Now things start to become interesting. An executiong of trap/illegal instruction inside a thread (could also be in a single process) yields an infite loop. Signal handler returns but get again the instruction.
It's necessary to know the context were the trap/illegal instruction happened to then know the pc and manage it, I mean, increment the pc to point at the instruc- tion after the trap/illegal instruction.
[threads05.c] (threads05.c) examplifies that case with a single handler whilst [threads06.c] (threads06.c) examplifies that case with an advanced handler.
If it was on a x64 we could do that, given that uc
is ucontext_t *uc
, we can
do this: uc->uc_mcontext.greps[REG_RIP] += __offender_instruction_length__
.
But I've got good news: POWER8 lacks an IP (Instruction Pointer) register. So
what now? Well, the Linux kernel kindly takes care of it ;-) It means that the
next instruction pointer regarding the context interrupted async by the signal is
available thought the member uc->uc_mcontext.regs->nip
.
Nonetheless, we'll try this approach on the next example. By now this example just demonstrates that infinite loop behavior
This example solves infite loop by adding 4 bytes in the nip (next instruction pointer). On PPC64 LE all instructions have the same length, 4 bytes. So skipping the offending struction is trivial.
Now things start to get interesting. One thread is set to perform a HTM with a trap instruction inside. An advanced signal hander is set to get the signal.
HTM fails due to a trap
instruction inside a HTM block delimitted by tbegin.
and tend.
. It's possible to verify that, although si->si_addr
contains not
them same value as uc->uc_mcontext.regs->nip
, what would be the normal case,
uc->uc_link
isn't, on the other hand, NULL. Thus in fact we have a second ucontext_t
struct that is related exactly to the context where the trap
instruction inside
the HTM block, the instruction responsible for the generation of the SIGTRAP) was
executed.

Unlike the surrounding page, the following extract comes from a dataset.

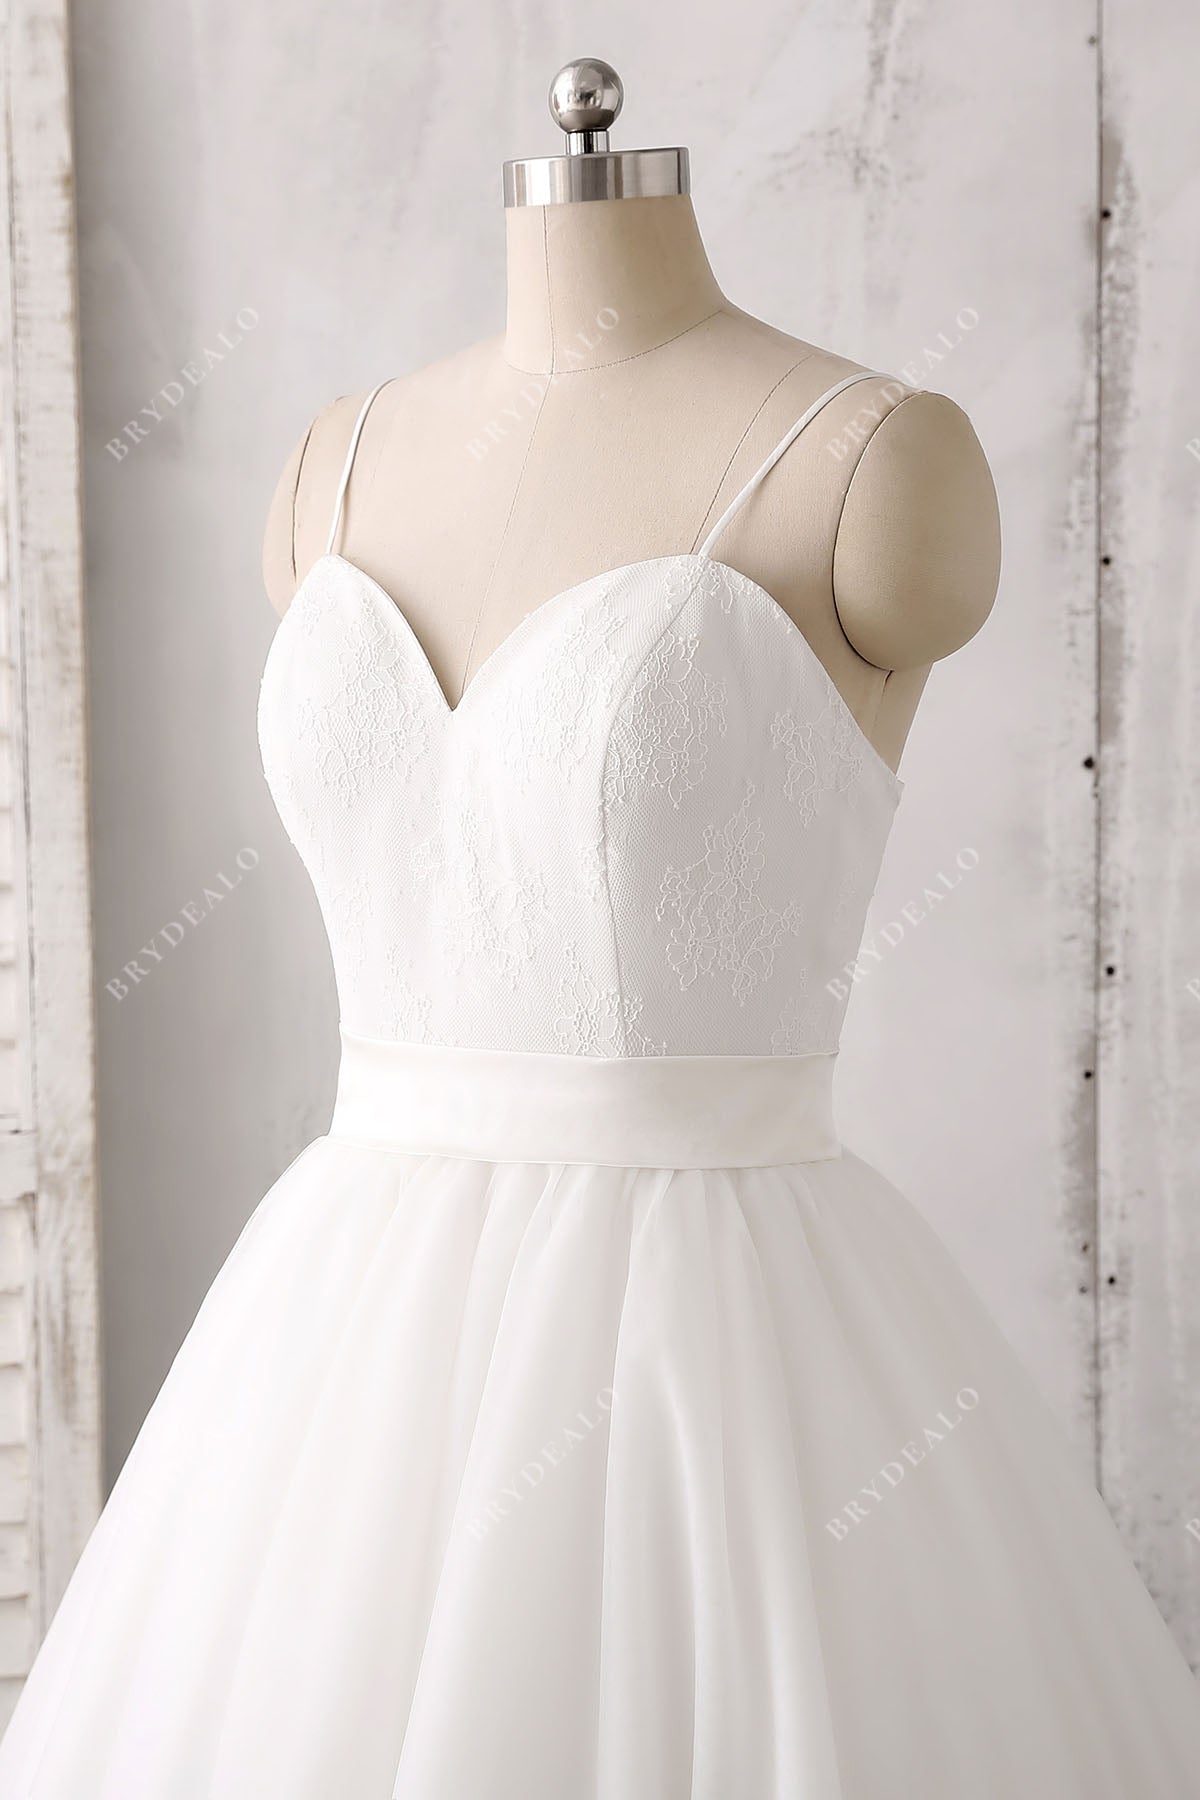 spaghetti straps sleeveless wedding gown

So indeed we have two ucontext_t in this case: (a) inside HTM, where
pc = tbegin. + 4 and (b) where a trap
instruction was executed - in this
example it's inside the HTM, just after the beq
- the HTM failure handler - but
could be anywhere else.
This test case demonstrates that given a number of nested HTM blocks, if any HTM transaction fails, then the first context (uc) will have a (nip) point to the most outer HTM failure handler. si->si_addr, nonetheless, still points fine to the primary cause of HTM failure, i.e to the trap instruction inside the most inner HTM transaction.

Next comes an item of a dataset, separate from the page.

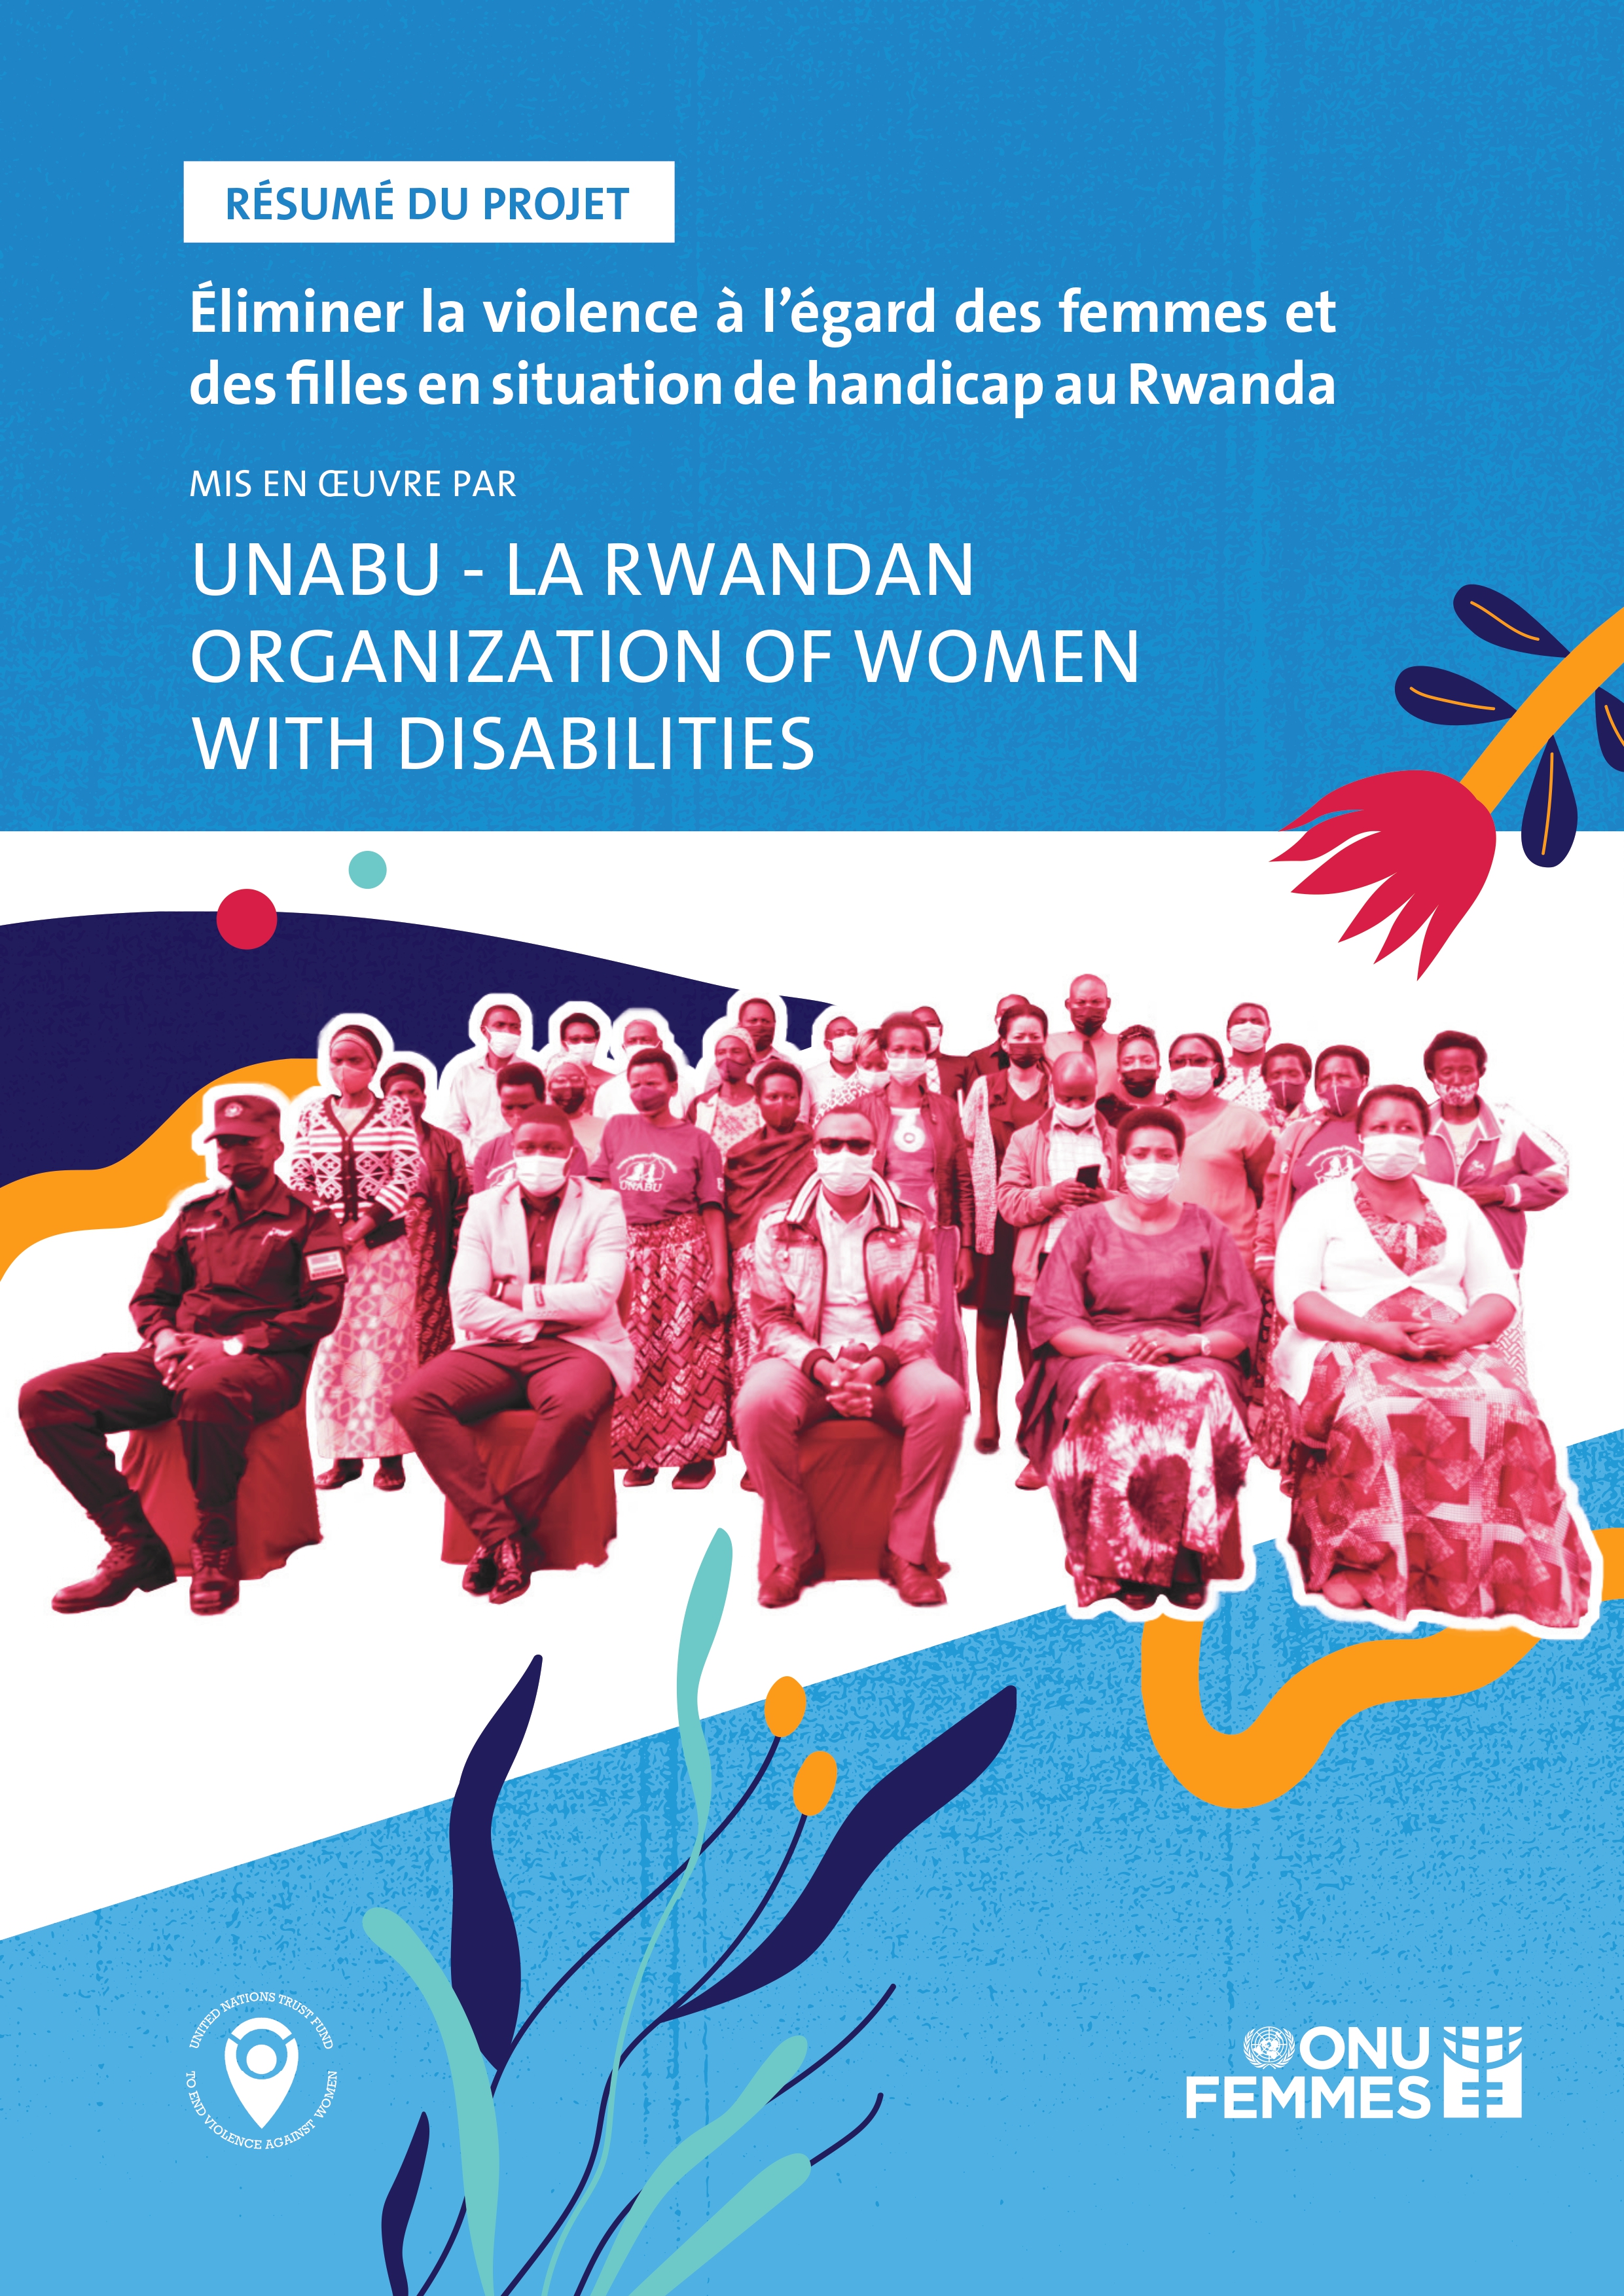 Project Summary of “Eliminating Violence against Women and Girls with Disabilities in Rwanda” by UNABU: Umuryango Nyarwanda w’Abagore Bafite Ubumuga

A very simple example showing that the checking for a signal caught in
transaction suggested in the Linux kernel documentation is just fine both on
PPC64 BE and LE. If it was not the case, the detection of a signal NOT caught
in transaction would at some point be recognized as signal caught in transaction.
As a consequence, once returning from the signal handler it would not have the
context's nip incremented to point one instruction after the trap
instruction,
looping forever, as pointed out already commented in the example [threads05.c] (threads05.c)
and [threads06.c] (threads06.c).
- Exception vs interruption (explain conceptual differences);
- HW exception/interruption vs SW exception/interruption;
- Does 'INT' on x64 is like a simple jump or it relies on a sort of table? On Linux kernel, is the ISR that takes care of inspecting a table to find which address to jump or its a burden of INT mechanism. (I'm assuming that it's just a jump and that the Linux kernel installs the ISR);
- What is the ultimate cause of a process being able to ignore SIGTRAP from
kill
but not from atrap
instruction; - Explain why a signal in HTM is quite different from a syscall in HTM;
- It is said that an TM on x64 has no time out (you can spend as much time as you want inside an atomic block). Verify that and also check if it behaves the same on Power.